(Information given):
────────
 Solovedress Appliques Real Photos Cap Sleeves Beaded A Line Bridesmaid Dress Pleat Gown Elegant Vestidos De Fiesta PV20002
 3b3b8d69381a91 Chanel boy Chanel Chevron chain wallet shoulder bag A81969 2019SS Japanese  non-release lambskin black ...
────────
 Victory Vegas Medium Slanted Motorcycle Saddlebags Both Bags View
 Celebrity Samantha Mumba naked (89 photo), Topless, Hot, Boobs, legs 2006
────────
(Problem to work on): Give back exactly the lines above, from the line containing "Victory Vegas Medium" through the line containing "Celebrity Samantha Mumba", with both end lines and nothing more.

(Response to this exercise):
 Victory Vegas Medium Slanted Motorcycle Saddlebags Both Bags View
 Celebrity Samantha Mumba naked (89 photo), Topless, Hot, Boobs, legs 2006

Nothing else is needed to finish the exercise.